DATASET CONTENT>

========

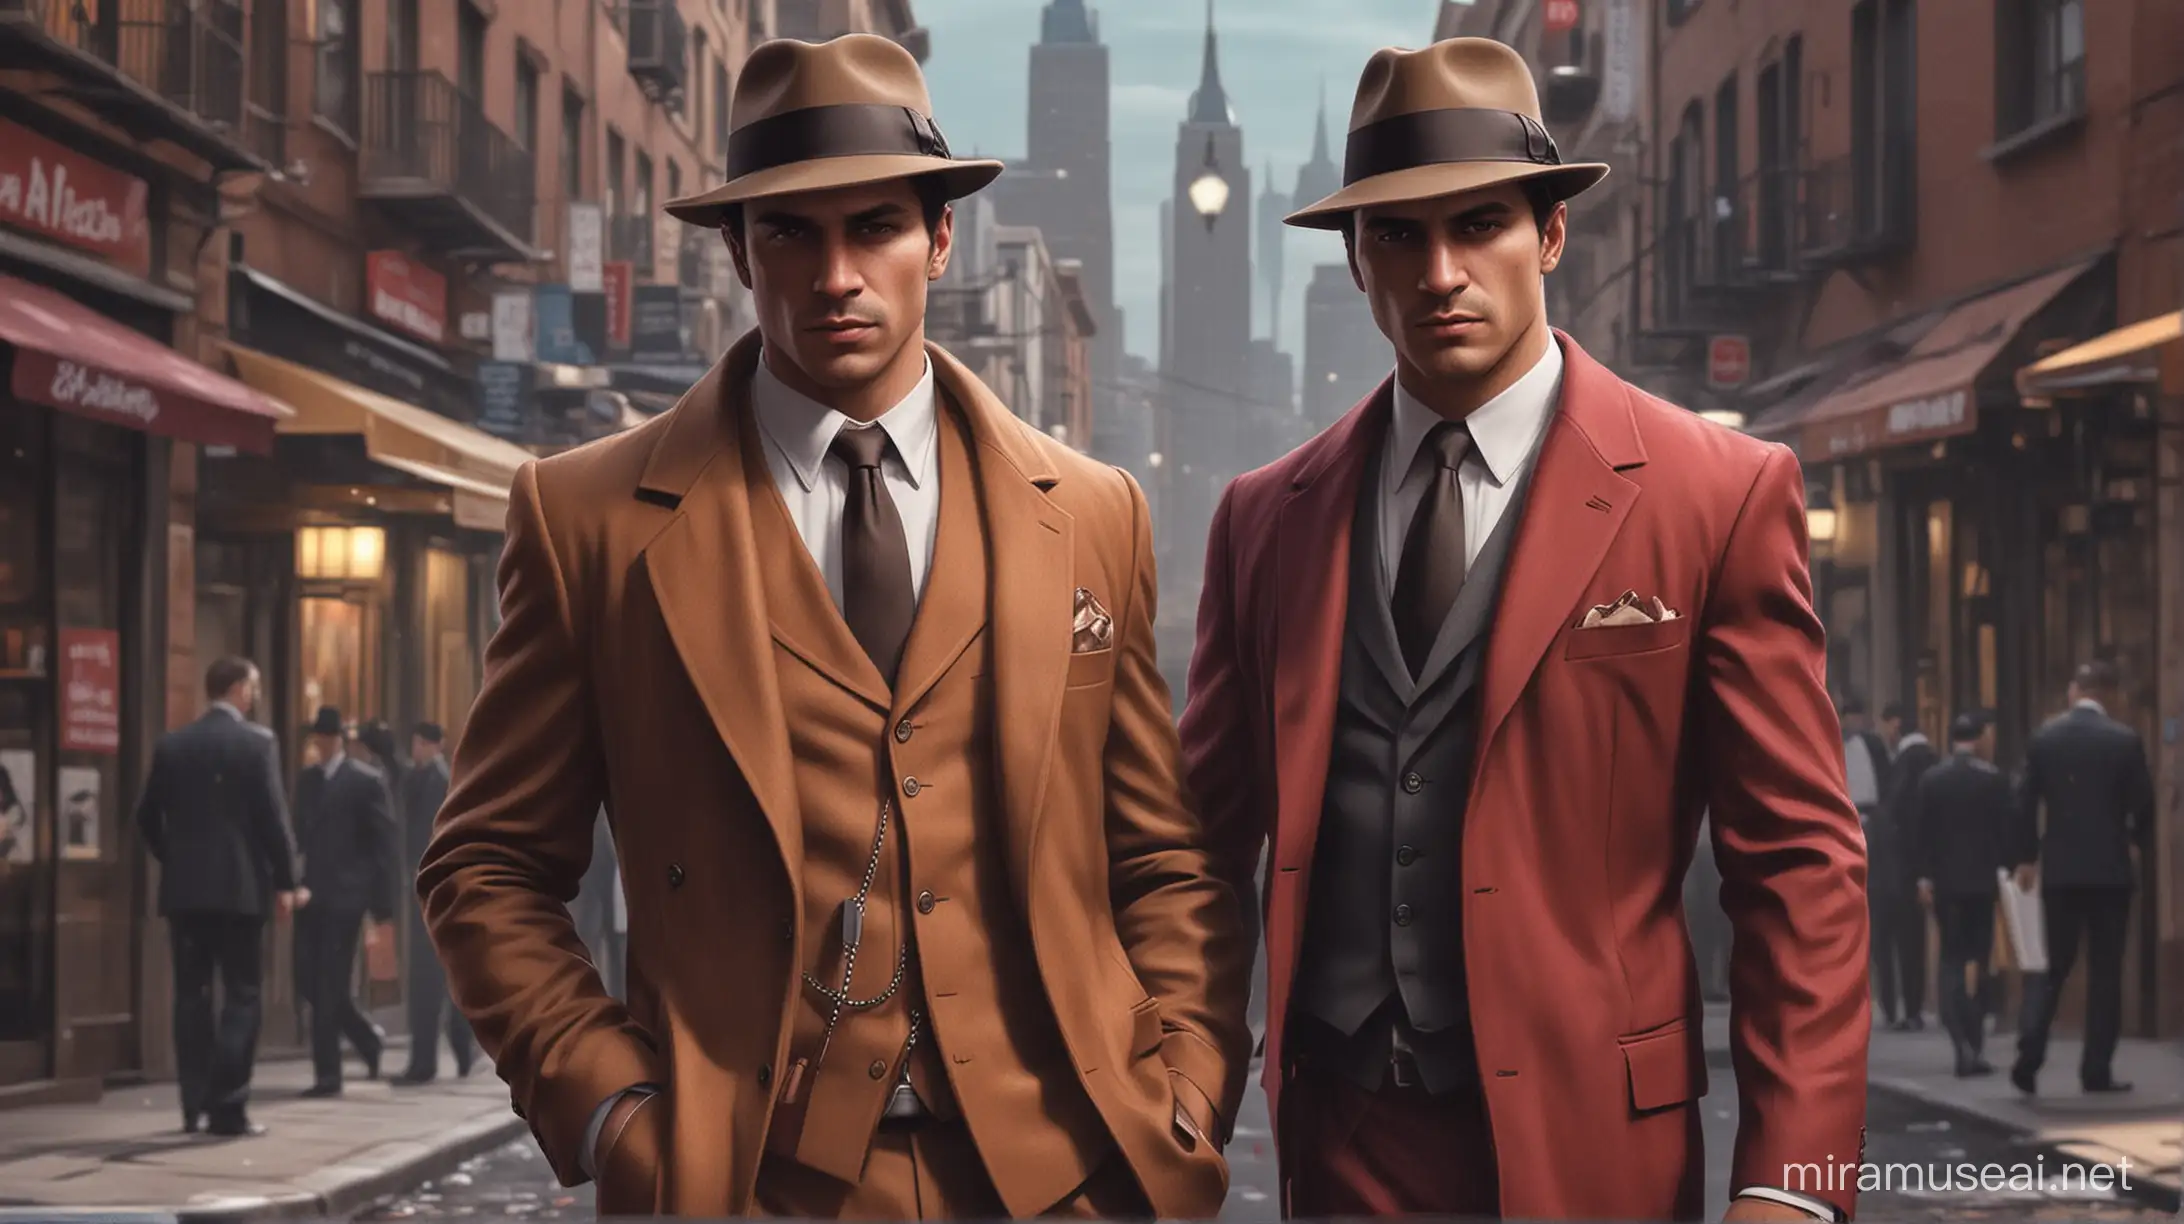 "Hi, I'd like you to draw me a picture related to a mafia game scenario. If possible, can you show a picture of a male investigator in a colored suit without a hat and holding a card with the name of the investigator walking around the area? Create a bright and attractive mafia city for me? This image will be very valuable to me. Thank you."
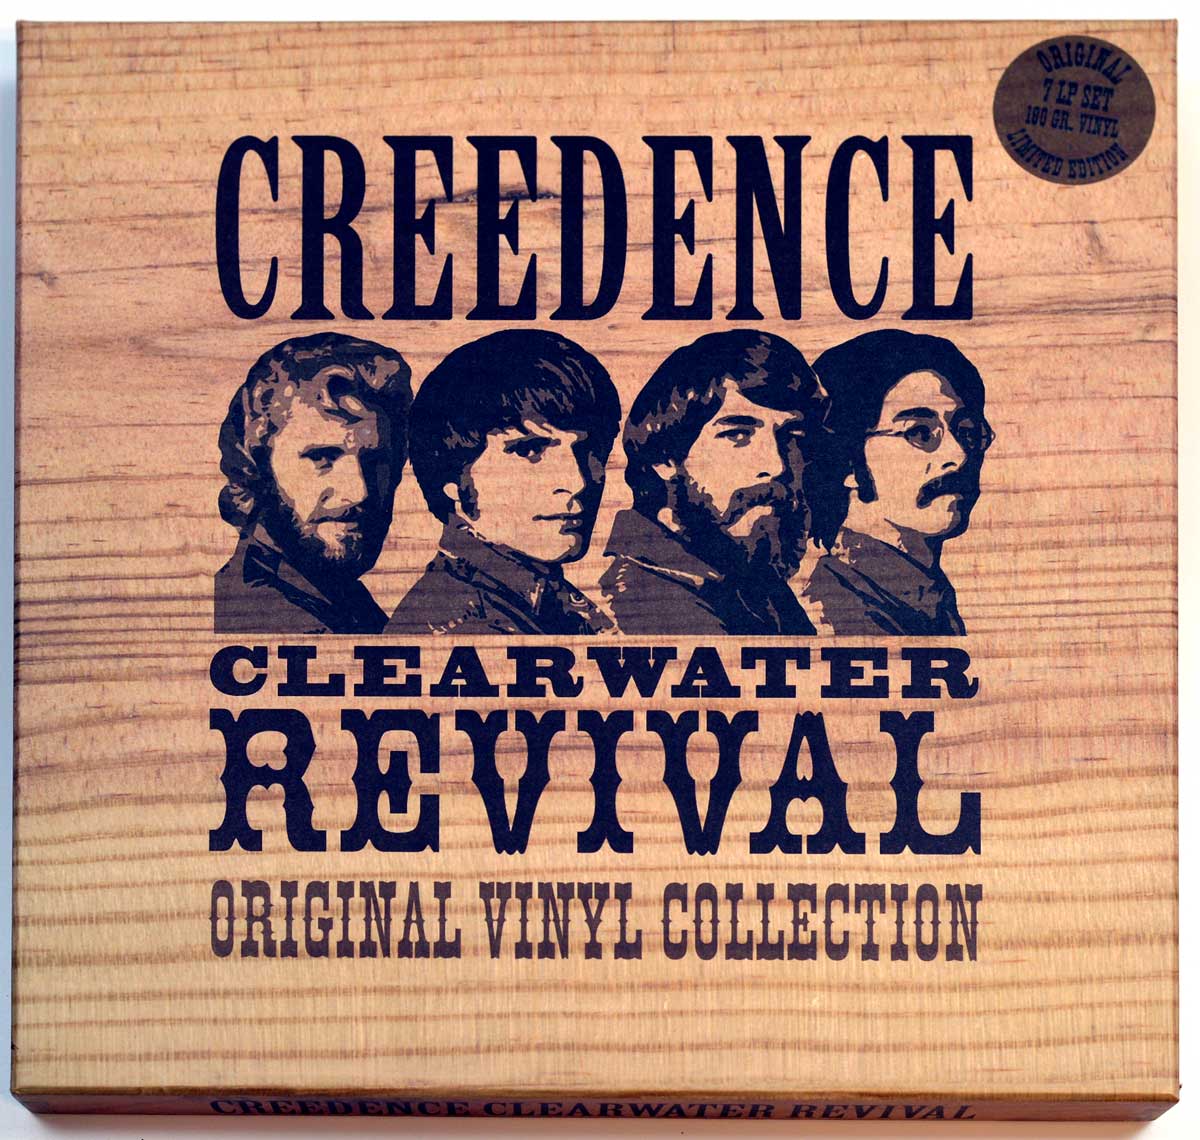 large album front cover photo of: CCR Creedence Clearwater Revival Original Vinyl Collection 
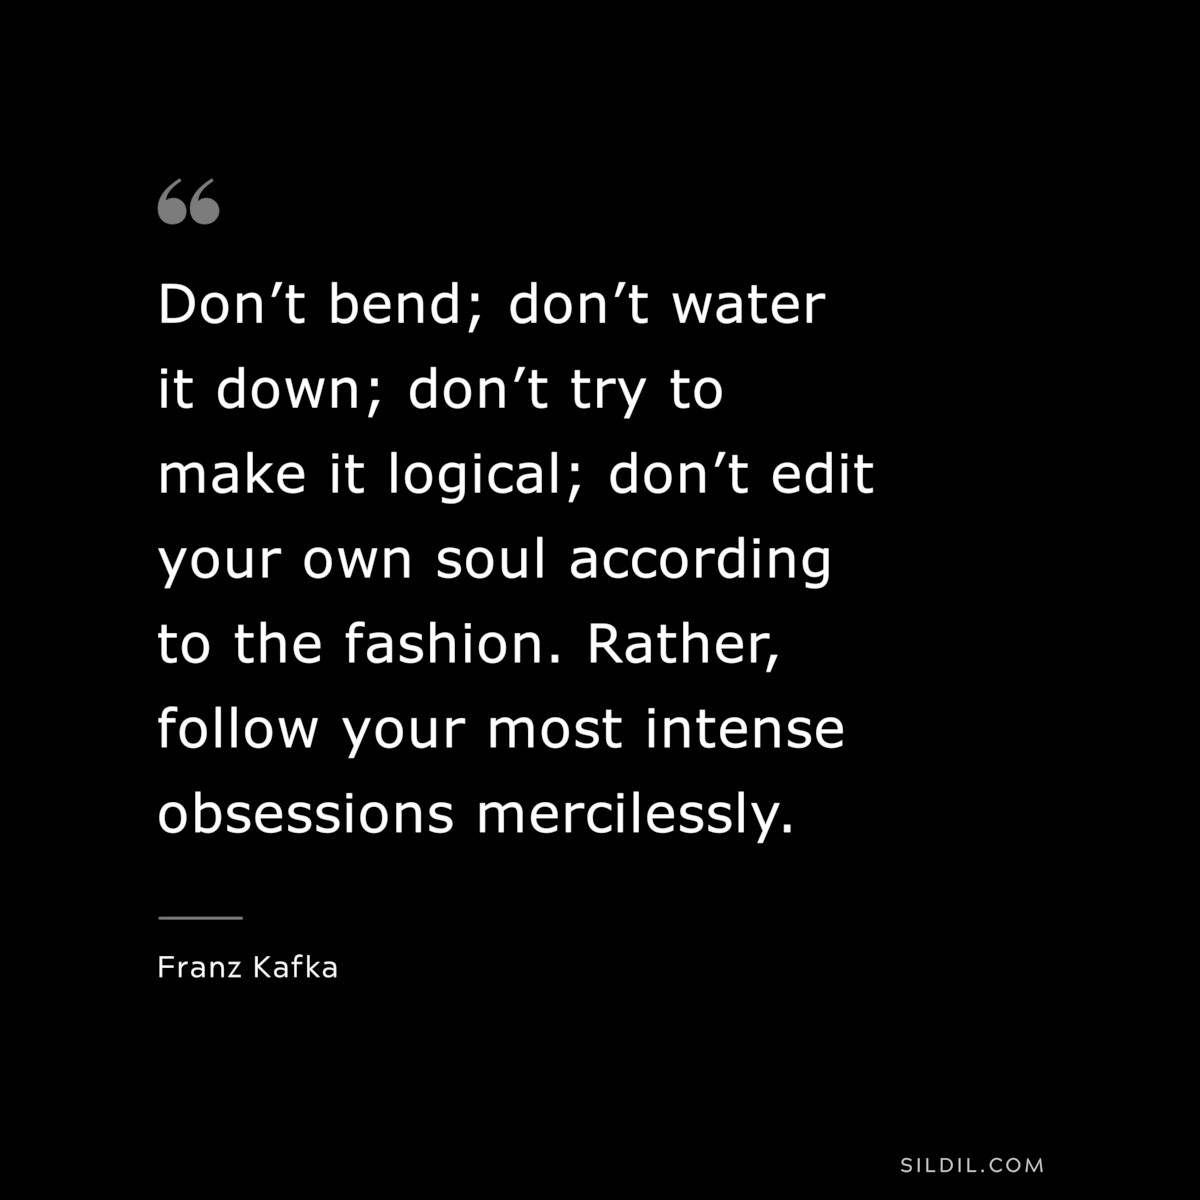 Don’t bend; don’t water it down; don’t try to make it logical; don’t edit your own soul according to the fashion. Rather, follow your most intense obsessions mercilessly. ― Franz Kafka

========

This task calls for restating, word for word, each line from the line holding "large album front" through the end of the material, pictures left out.

RESPONSE>
 large album front cover photo of: CCR Creedence Clearwater Revival Original Vinyl Collection 
 Don’t bend; don’t water it down; don’t try to make it logical; don’t edit your own soul according to the fashion. Rather, follow your most intense obsessions mercilessly. ― Franz Kafka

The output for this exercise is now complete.